It was officially opened on Friday 28 June 1968 by the Minister of Power, Ray Gunter.

It was named after the former Lindsey pre-1974 local government area of Lincolnshire.

The refinery entered service in May 1968 as a joint project between Total and Fina.

===Operation===
In September 1971 it processed the first North Sea oil from the Norwegian Ekofisk field, from a 30,000 ton tanker.

In 1999, Total took full control of the plant, when it bought Fina.

It used to produce around 35 types of product and process circa 113,000 barrels of oil per day.

Crude oil used to be imported via two pipelines, connecting the 1,000-metre jetty five miles away at the Port of Immingham, to the refinery.

In March 2021, the refinery was bought by Prax Group from Total.

As of 28 April 2026, Phillips 66 Limited owns the assets of Prax Lindsey Oil Refinery Limited, including the site in Lincolnshire, plus Prax Storage Lindsey Limited, Prax Terminals Killingholme Limited, Prax Terminals Jarrow Limited and Prax Downstream UK Limited.

===Production units===
More units were added, to take refining capacity to 7 million tons in the early 1970s, at a cost of £10 million. The French and Belgian companies had a half of the total capacity each.

From 1973 a 64-mile pipeline was built, to the north west by Total. The £500,000 oil terminal, in Leeds, had opened in April 1968, with oil transported by British Rail.

Further units added, from 1976, to open in 1979, costing £58 million. 1,500 construction workers worked on the development.

By 1977 it was the sixth-largest refinery in the UK, processing around 10 million tonnes. A catalytic cracker was built from 1977, which would process 1 million tonnes per year, being one third more efficient at fuel processing than previous technology.

In the 1980s, a fluid catalytic cracker, an alkylation unit, a visbreaker, and an MTBE (Methyl tert-butyl ether) unit (for high octane petrol) were added. In May 1982 a £50 million development was begun.

From 1988, the Belgian company built a pipeline to an oil terminal Hertfordshire.

By 1998 the site was processing 200,000 barrels per day, and was the UK's third-largest refinery.

In 2007, a distillate hydrotreater (HDS) was built. A hydrogen production unit (a methane steam reformer for the hydrotreater process) is being built, for completion in 2009. The new plant will provide ultra-low sulfur diesel and mean different types of crude oil can be processed, that can be made in a conventional catalytic cracker or hydrocracker. It was built from June 2008 – June 2009 by Jacobs Engineering.

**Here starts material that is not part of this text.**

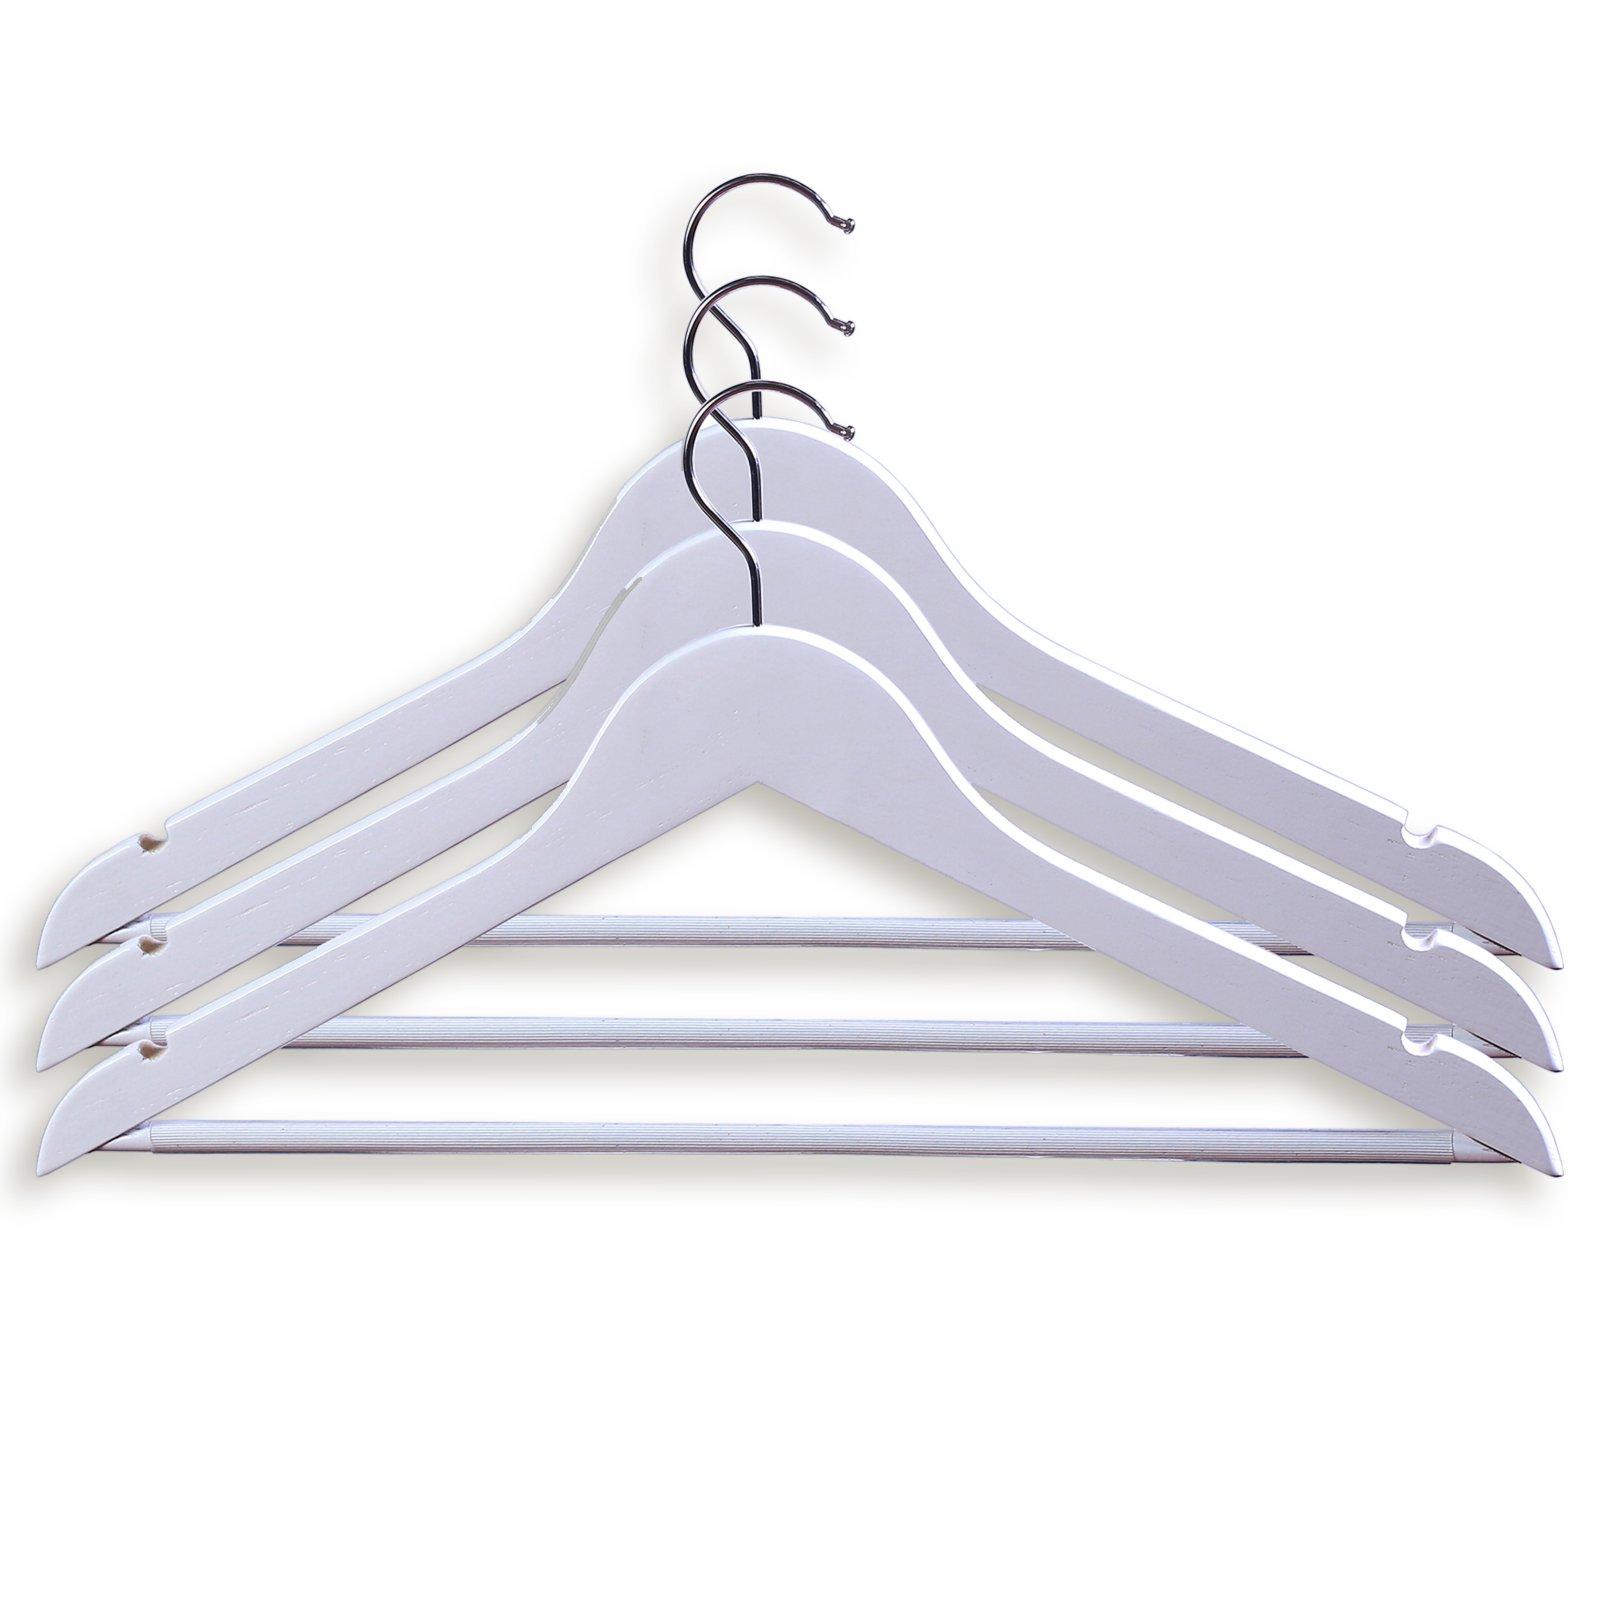 3-teiliges Kleiderbügel-Set - weiß - mit Hosensteg | Kleiderbügel ...

===2009 workers dispute===

On 28 January 2009, approximately 800 of Lindsey Oil Refinery's local contractors went on strike following the appointment by the Italian construction contractor IREM of several hundred European (mainly Italian and Portuguese) contractors on the site at a time of high unemployment in the local and global economy.

Subsequently, sympathy walkouts at other UK petroleum, power and chemical sites took place. 700 workers were sacked at the plant in June 2009, resulting in further worker walkouts at other UK sites. Negotiations led to the reinstatement of 647 workers at the end of June 2009.

===2025 financial difficulties===
On 30 June 2025, Prax Group's parent company, State Oil, entered insolvency. This was reported to be largely due to operating losses at the Lindsey refinery. The move put over 400 jobs at the refinery at risk. The government agreed to a financial indemnity for the official receiver to allow the refinery to continue operating while the search for a buyer was carried out.

As of 5 January 2026, 250 staff remained employed and Phillips 66 (owners of the adjacent Humber Oil Refinery) has purchased the complex, although currently have no plans to continue stand-alone refining.

==Accidents and incidents==
===2004 pollution incident===
In December 2004, the failure of an oil pipeline at the Lindsey refinery resulted in 60,000 litres of crude oil leaking into the Humber Estuary.

The Environment Agency prosecuted Total, the-then owner of the refinery, regarding the incident and in December 2005, the company pleaded guilty and were fined £12,500 plus £5,651 costs for allowing to leak to take place. The Environment Agency said the incident did not result in any long-term impact on the environment.

===2010 accident===
On Tuesday 29 June 2010 an explosion and subsequent fire broke out at the plant, killing Robert Greenacre, a 24-year-old worker, and injuring others. It originated beneath an Atmospheric Distillation Column (CDU-2) at a steam out point where maintenance was being carried out. Total reported that firefighters had found traces of asbestos in the refinery's crude oil distillation unit three days after the initial explosion.